Italy’s biggest bank, UniCredit, has borne the brunt of lingering anxiety about the country’s banking sector, seeing its shares fall sharply following the EU-wide banking health checks.
The 9.4% drop in UniCredit shares, which were being closely monitored by the Italian Borse on Monday amid heavy trading, followed Friday’s publication of stress tests on 51 banks across the EU.
In the European Banking Authority tests, UniCredit recorded a capital ratio of more than 7% after the stress test applied a hypothetical shock to global growth, interest rates and currencies. Although well above the legal minimumof 4.5%, it left Unicredit as one of the five weakest out of the 51 banks tested.
The deterioration in its capital ratio was not on the scale of Banca Monte dei Paschi di Siena (MPS) – Italy’s third largest bank – which announced a rescue package on Friday aimed at funding at least €5bn worth of capital, after the stress test showed that its entire capital base would be wiped out under the adverse scenario. MPS was the worst-performing bank of any bank tested.
Shares in MPS, regarded as the world’s oldest bank, were among the few to rally after the stress test results as its rescue operation appeared to alleviate pressure on the Italian government to intervene. Even so, questions remained about how easily MPS could find investors willing to stump up €5bn when its existing stock market value was less than €1bn.

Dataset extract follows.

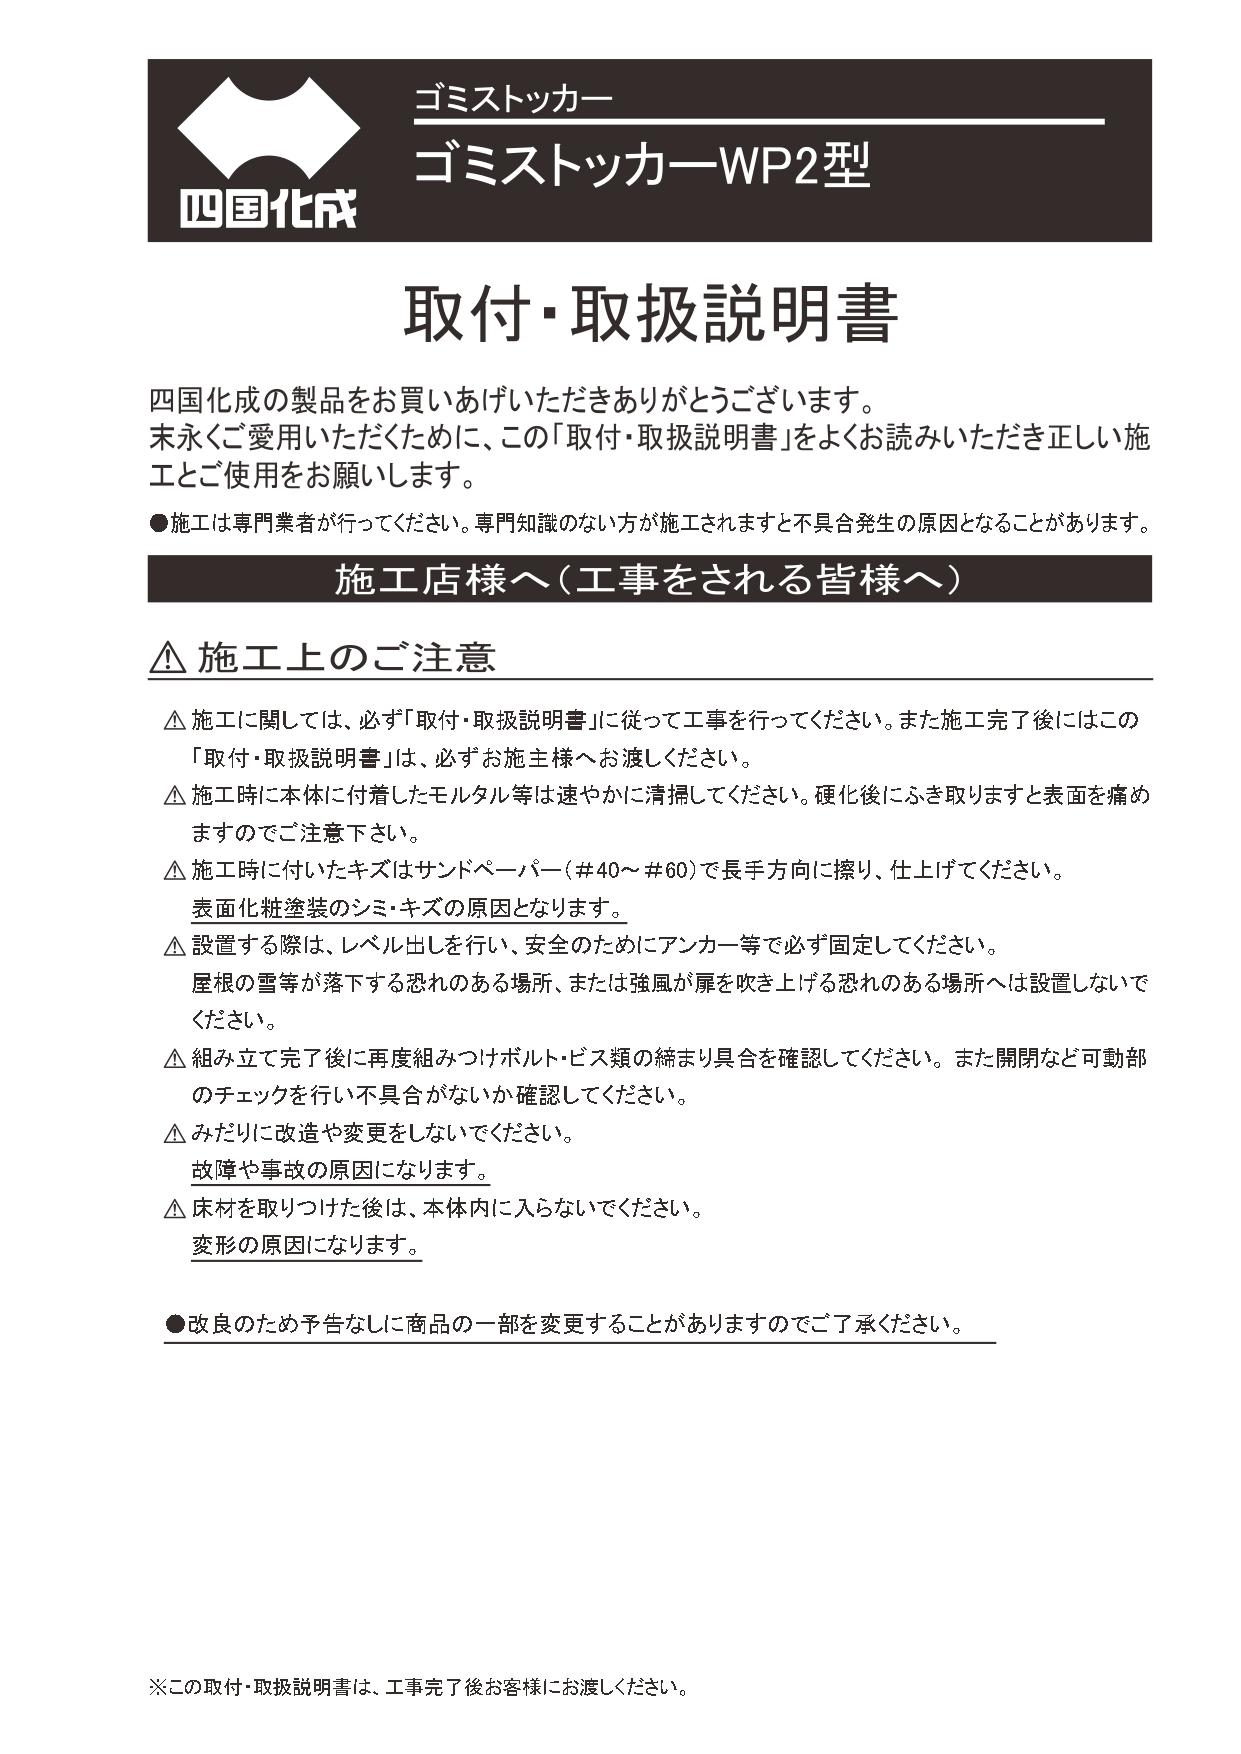 ゴミストッカーWP2型 施工説明書_page-0001

The focus had been on Italian banks ahead of the stress tests, which overall showed that the EU’s banking sector could weather a shock to the markets. The pan-European banks share index was off just 0.6%. Antonio Patuelli, president of the Italian Banking Association, welcomed the results, saying: “The credibility of Italian banks has now been strengthened.”
The MPS rescue was viewed as positive. Tomas Kinmonth, fixed income strategist at ABN Amro, said: “It could be suggested that the prime benefit of the EBA 2016 stress test is that the Italian institution [MPS] is now significantly stronger.”

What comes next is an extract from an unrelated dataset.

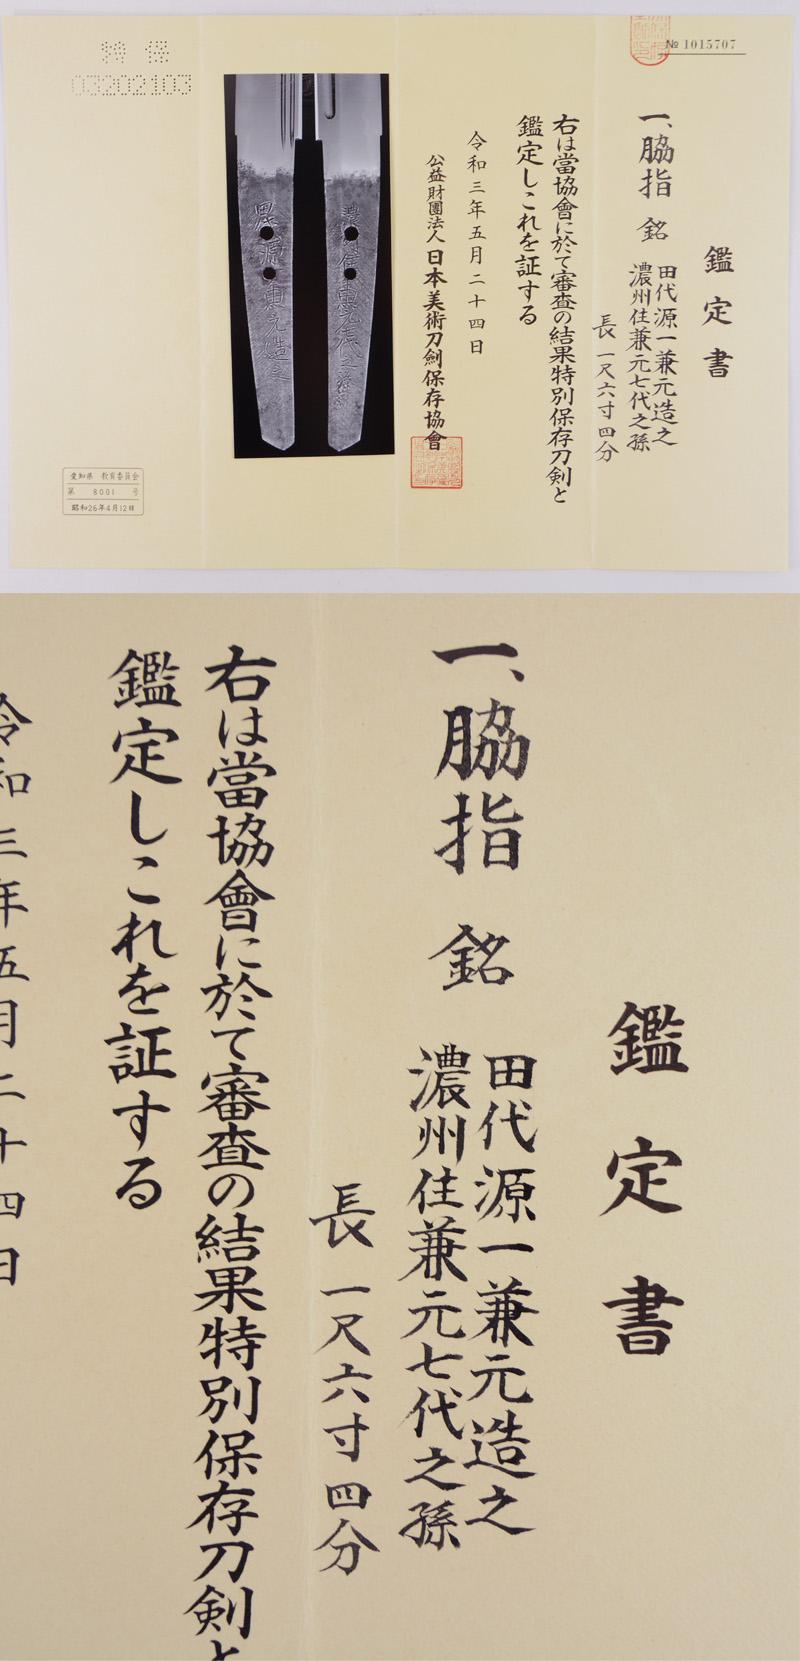 脇差 田代源一兼元造之    濃州住兼元七代之孫 Picture of Certificate

Portuguese and Greek banks were not big enough to be included in the tests, which also focused on banks in Ireland, Spain and Austria as well Germany’s biggest bank, Deutsche, whose capital ratio fell below 8% under the test. Analysts at Capital Economics said: “Among the eurozone countries, Ireland’s and Italy’s banks stood out.”
Moody’s said: “The stress test results highlight major differences in the relative strength of banking systems across the EU. The system-level results reflect the relative weakness of banks in Austria, Ireland and Italy. The key drivers are elevated credit risk of cross- border activities for the Austrian banks, and domestic market pressures for the Irish and Italian banks.”
The stress tests impose a series of scenarios on the capital bases of banks recorded at the end of 2015 and give results for three years later, without allowing the management of the banks to try to raise capital by selling off businesses.
Shares in UK banks Barclays and Royal Bank of Scotland slipped around 2%. Barclays’ capital ratio fell to below 7.5% under the stressed scenario, while RBS took the third largest hit of any bank to its capital under the test. RBS’s capital position would sink by seven percentage points to 8%. Moody’s said this was in part caused by “litigation and restructuring charges” faced by the bank, which is 73% owned by the UK taxpayer.
Gary Greenwood, analyst at Shore Capital, said the results for UK banks were a “non-event” as they will be subjected to Bank of England tests later in the year.
RBS publishes its half-year results this Friday, while Barclays reported a £2bn half-year profit last week.